## Problem to work on
Retype the listing exactly, minus its pictures.

## Input data
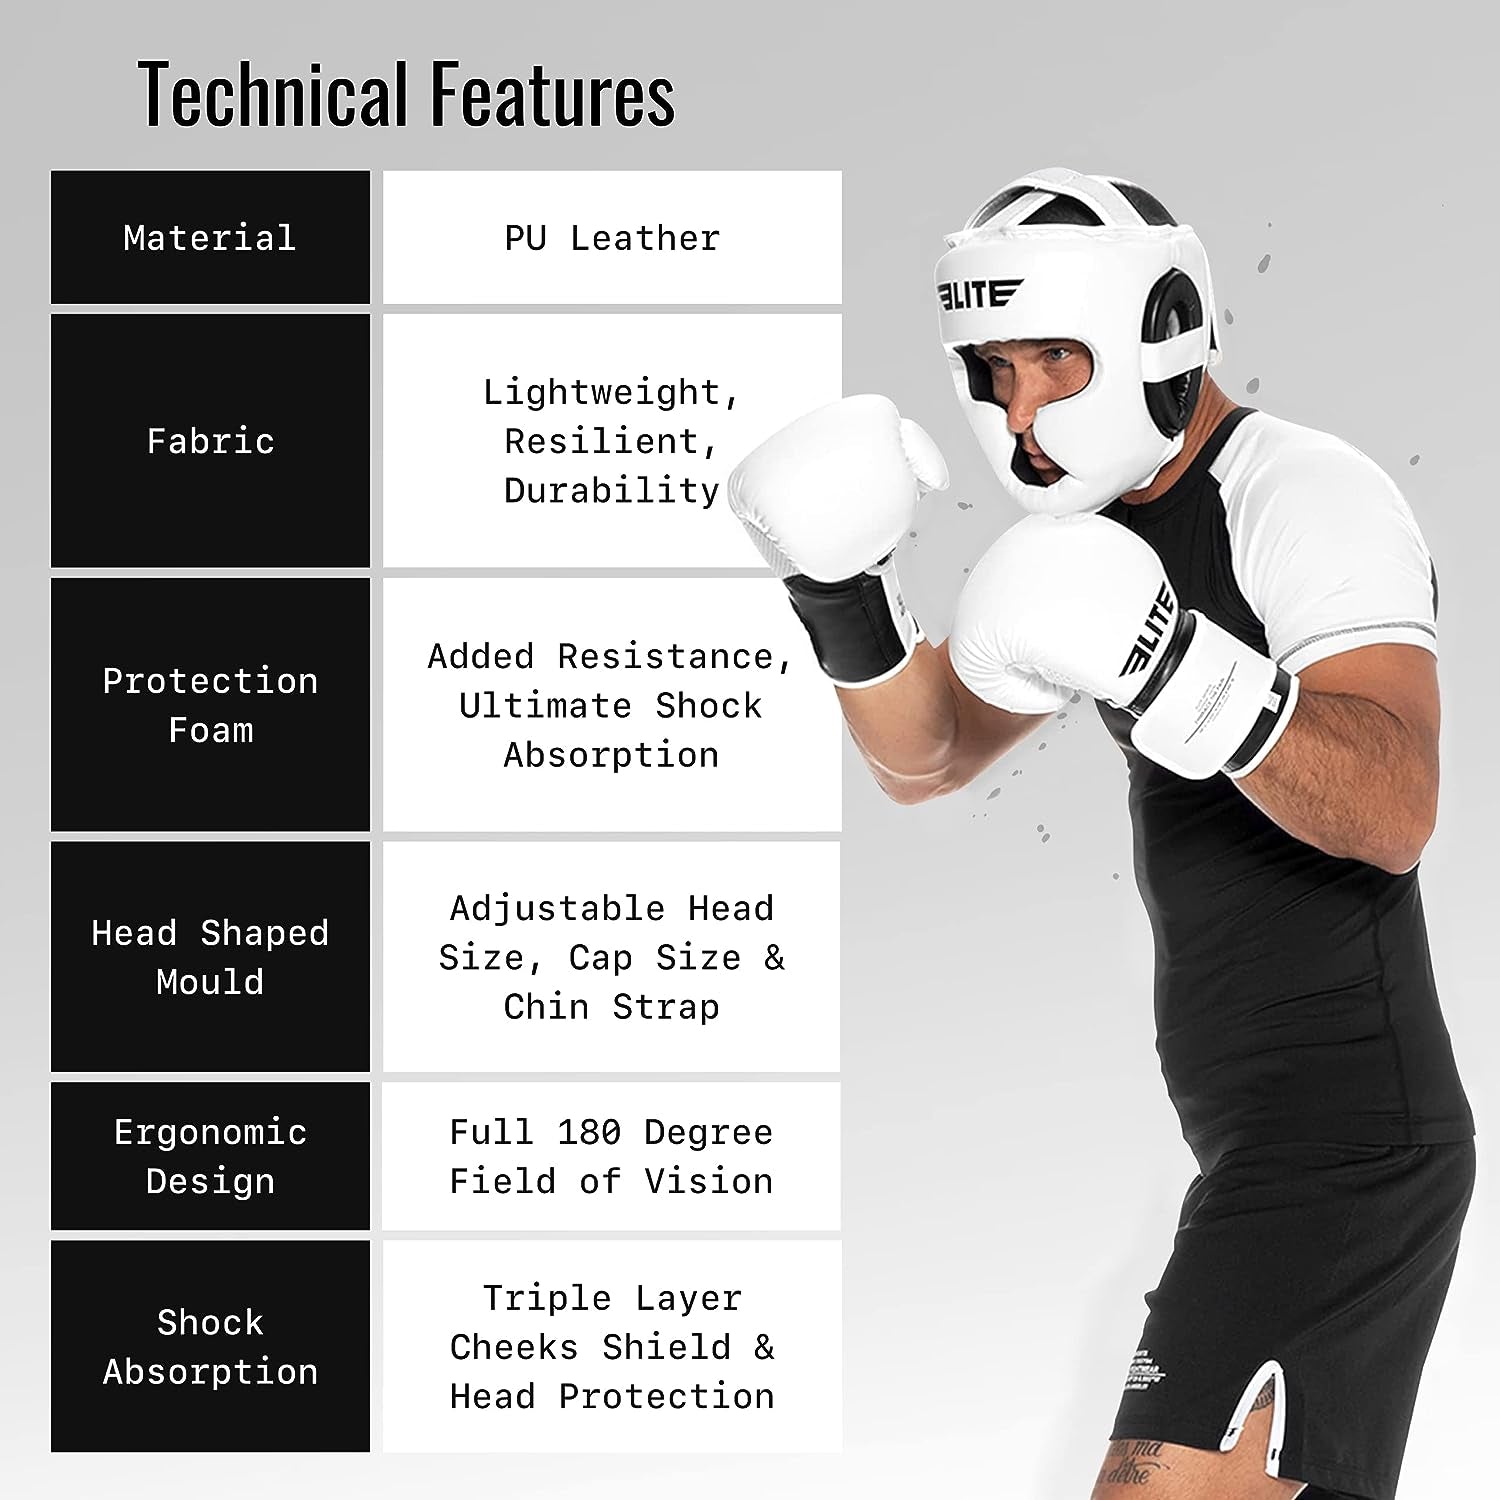 Elite Sports Best Celestial Head Guard, a Complete Package for MMA and Kickboxing Trainees, Muay Thai Boxing Safety Head Guard for Adult Men
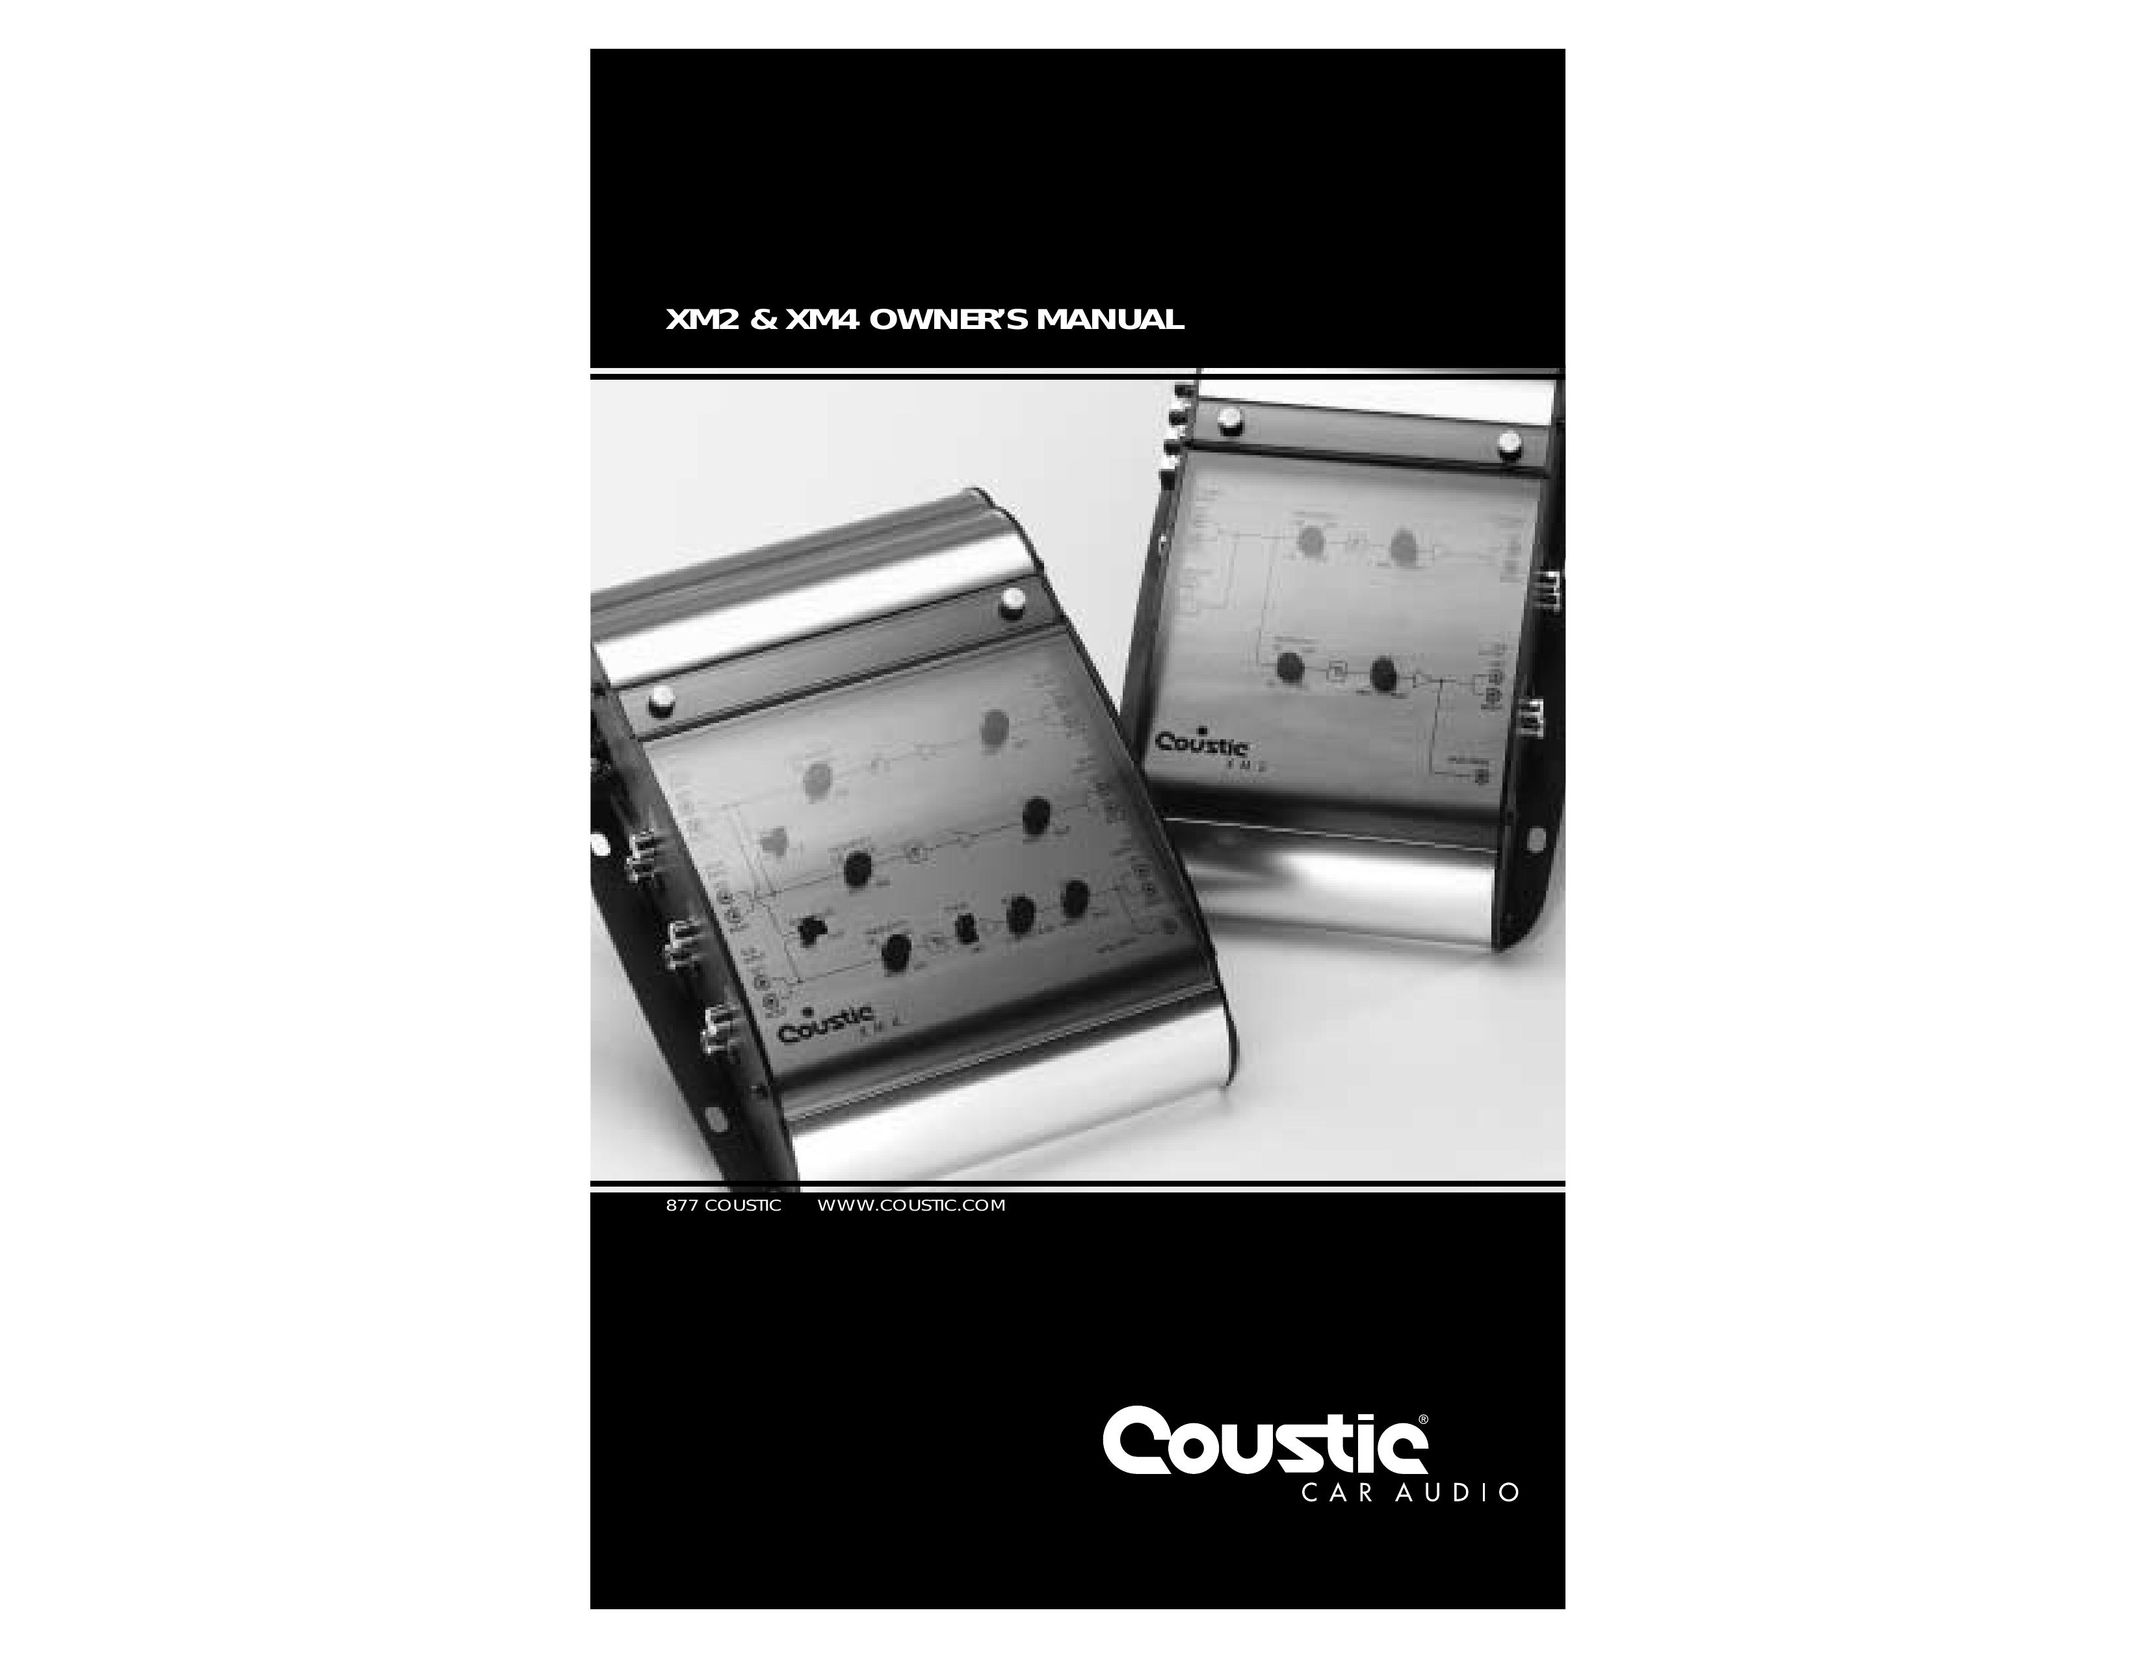 Coustic car audio Car Stereo System User Manual
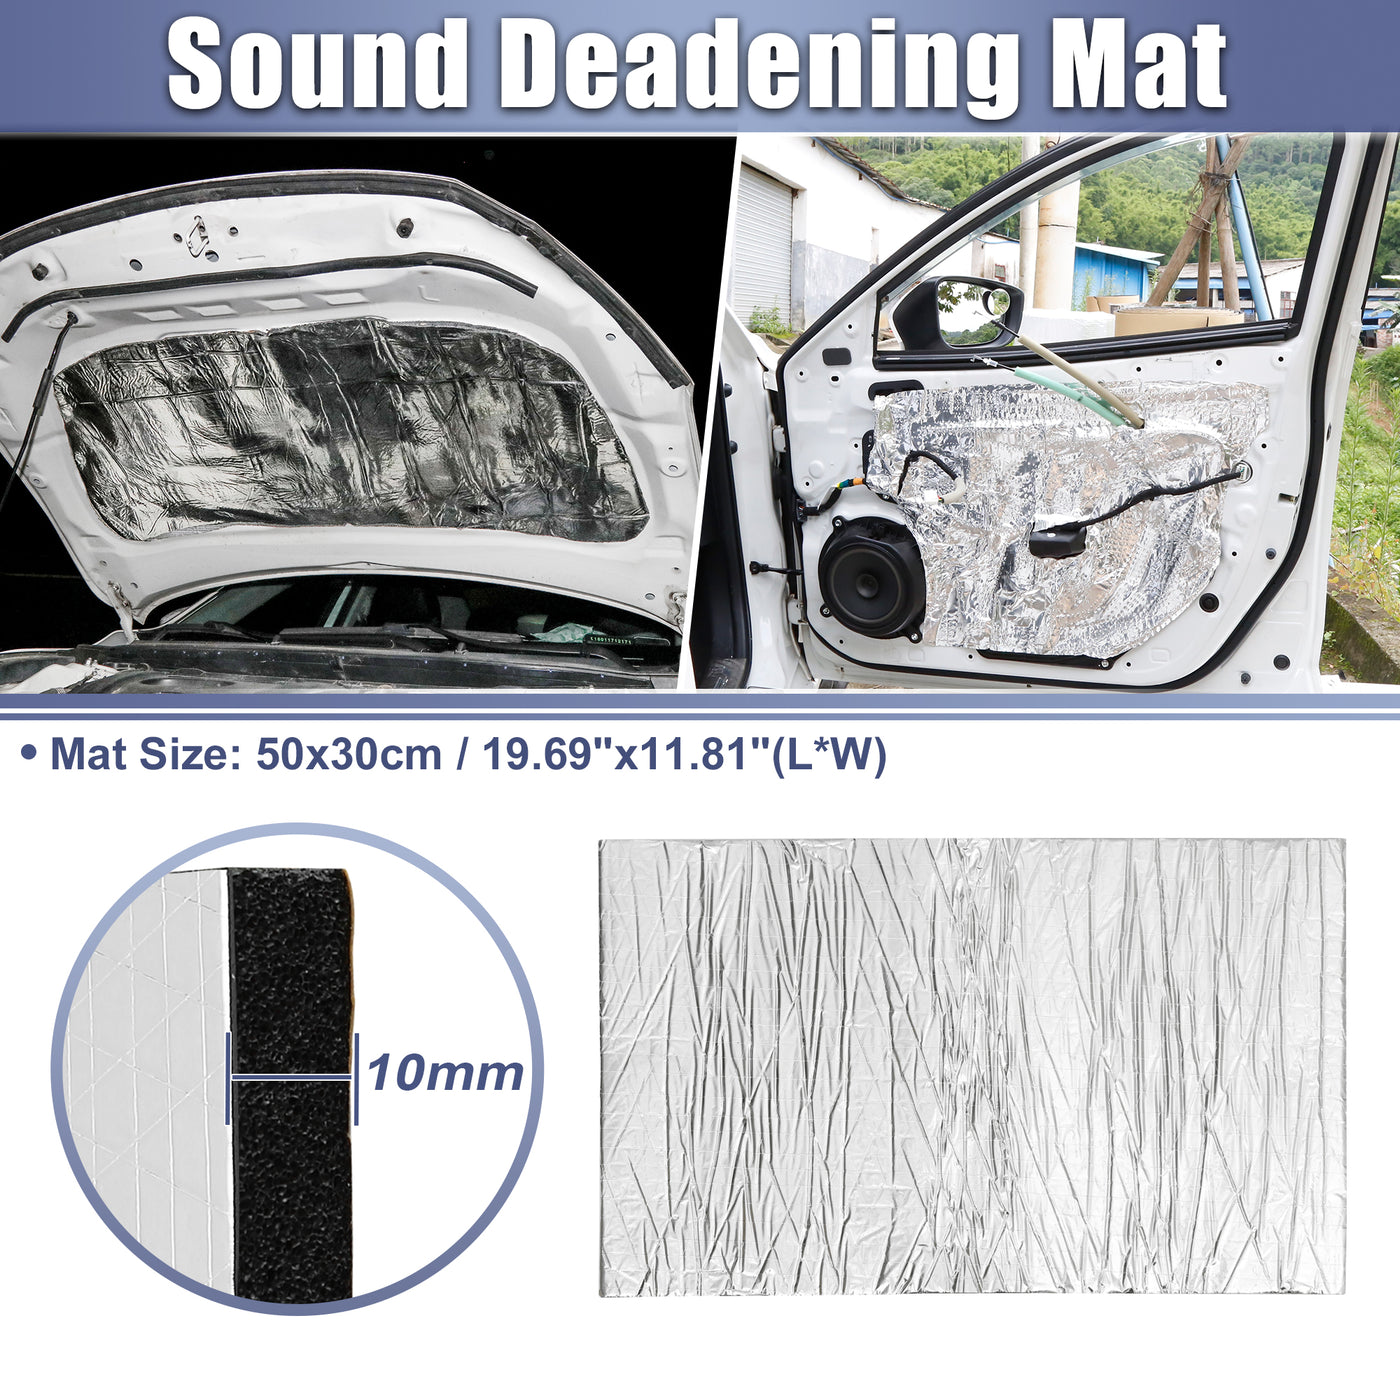 X AUTOHAUX 394mil 10mm 1.61sqft Car Sound Deadening Mat Aluminum Foil Closed Cell Foam Heat Shield Material Damping Self Adhesive Universal for Hood Fender and Boat Engine Cover 19.69"x11.81"

## Solution to this problem
 Elite Sports Best Celestial Head Guard, a Complete Package for MMA and Kickboxing Trainees, Muay Thai Boxing Safety Head Guard for Adult Men
 Coustic car audio Car Stereo System User Manual
 X AUTOHAUX 394mil 10mm 1.61sqft Car Sound Deadening Mat Aluminum Foil Closed Cell Foam Heat Shield Material Damping Self Adhesive Universal for Hood Fender and Boat Engine Cover 19.69"x11.81"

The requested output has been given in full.